Tlg1p and Tlg2p, members of the syntaxin family of SNAREs in yeast, have been implicated in both endocytosis and the retention of late Golgi markers. We have investigated the functions of these and the other endocytic syntaxins Pep12p and Vam3p. Remarkably, growth is possible in the absence of all four proteins. In the absence of the others, Pep12p and Tlg1p can each create endosomes accessible to the endocytic tracer dye FM4-64. However, although Pep12p is required for the ligand-induced internalization of the α factor receptor and its passage via Pep12p-containing membranes to the vacuole, Tlg1p is not. In contrast, Tlg1p is required for the efficient localization of the catalytic subunit of chitin synthase III (Chs3p) to the bud neck, a process that involves endocytosis and polarized delivery of Chs3p. In wild-type cells, internalized Chs3p cofractionates with Tlg1p and Tlg2p, and in a strain lacking the other endocytic syntaxins, either Tlg1p or Tlg2p is sufficient for correct localization of the enzyme. Pep12p is neither necessary nor sufficient for this process. We conclude that there are two endocytic routes in yeast that can operate independently and that Tlg1p is located at the junction of one of these with the polarized exocytic pathway.

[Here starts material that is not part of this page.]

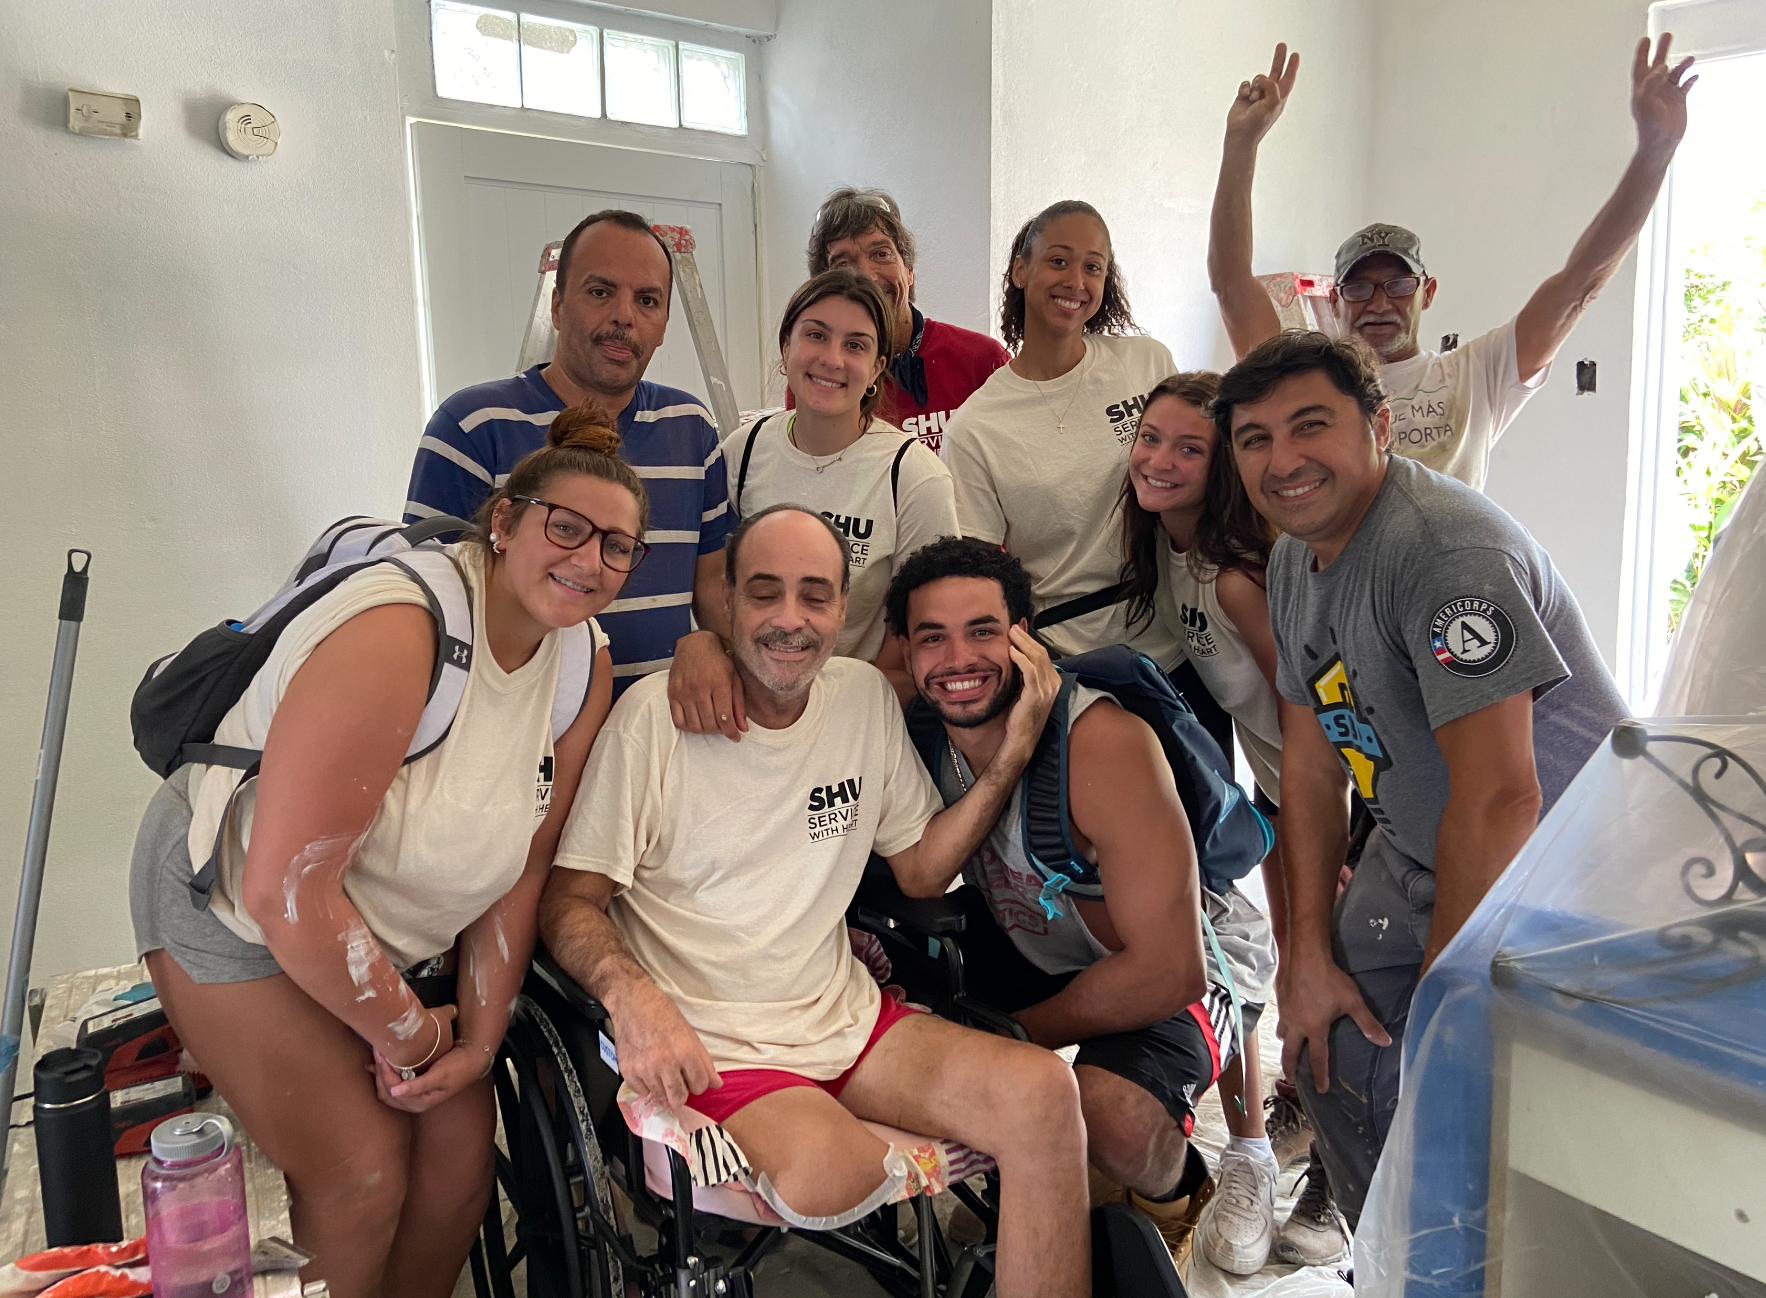 Summer Program - Promoting Volunteerism | NetWork Volunteers: Shared Service Experience Program
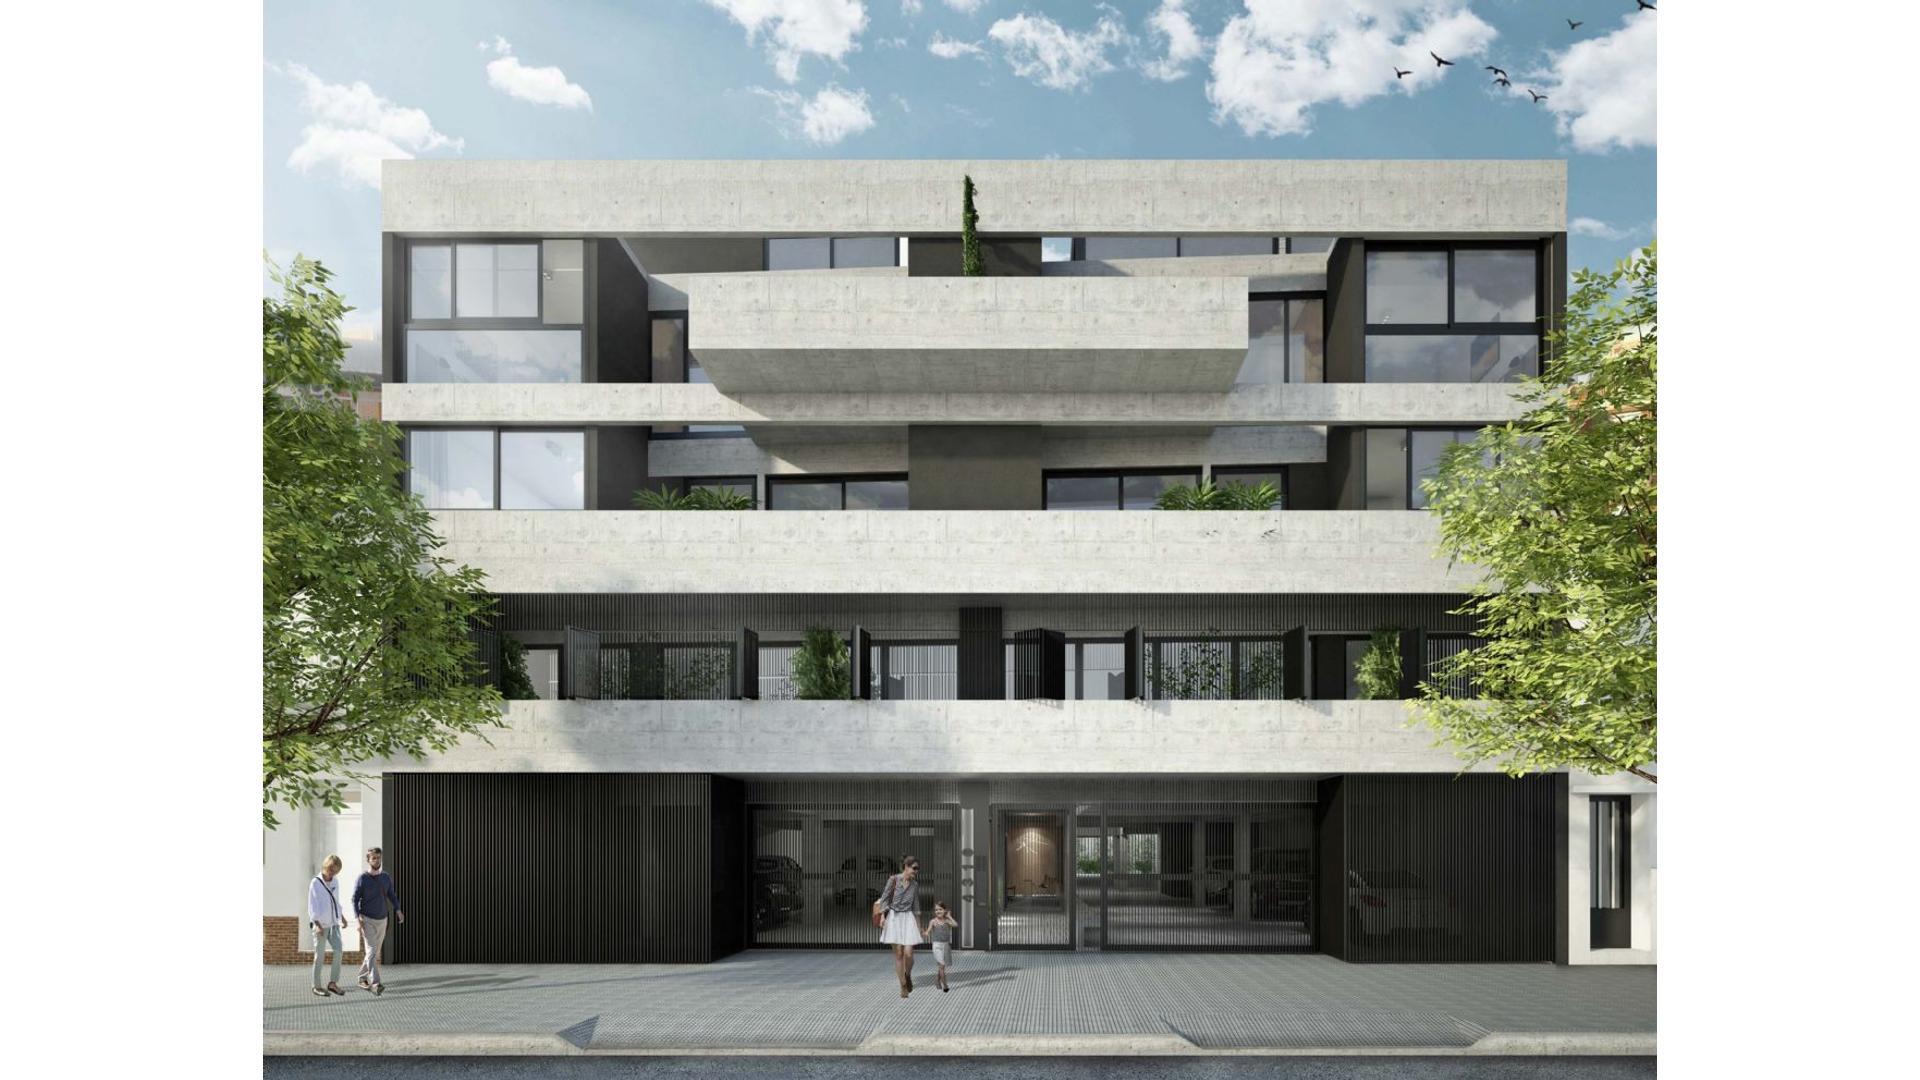 Departamento Duplex  en Venta ubicado en Núñez, Capital Federal - NUN2996_LP122402_1

机译:Tlg1p和Tlg2p是酵母中SNAREs的syntaxin家族的成员,已经参与了内吞作用和晚期高尔基体标记的保留。我们已经研究了这些和其他内吞语法的功能Pep12p和Vam3p。值得注意的是,在所有四种蛋白质都不存在的情况下生长是可能的。在没有其他物质的情况下,Pep12p和Tlg1p各自可以产生内吞示踪剂FM4-64可以进入的内体。但是,尽管Pep12p是配体诱导的α因子受体内在化及其通过含Pep12p的膜到达液泡所必需的,但Tlg1p不是必需的。相反,将几丁质合酶III(Chs3p)催化亚基有效定位到芽颈需要Tlg1p,该过程涉及内吞作用和Chs3p的极化递送。在野生型细胞中,内在化的Chs3p与Tlg1p和Tlg2p共分离,而在缺乏其他内吞语法素的菌株中,Tlg1p或Tlg2p足以使酶正确定位。 Pep12p对于此过程既不是必需的也不是足够的。我们得出的结论是,有两种内吞途径 可以独立运行的酵母,并且Tlg1p位于 其中之一与极化胞外途径的连接。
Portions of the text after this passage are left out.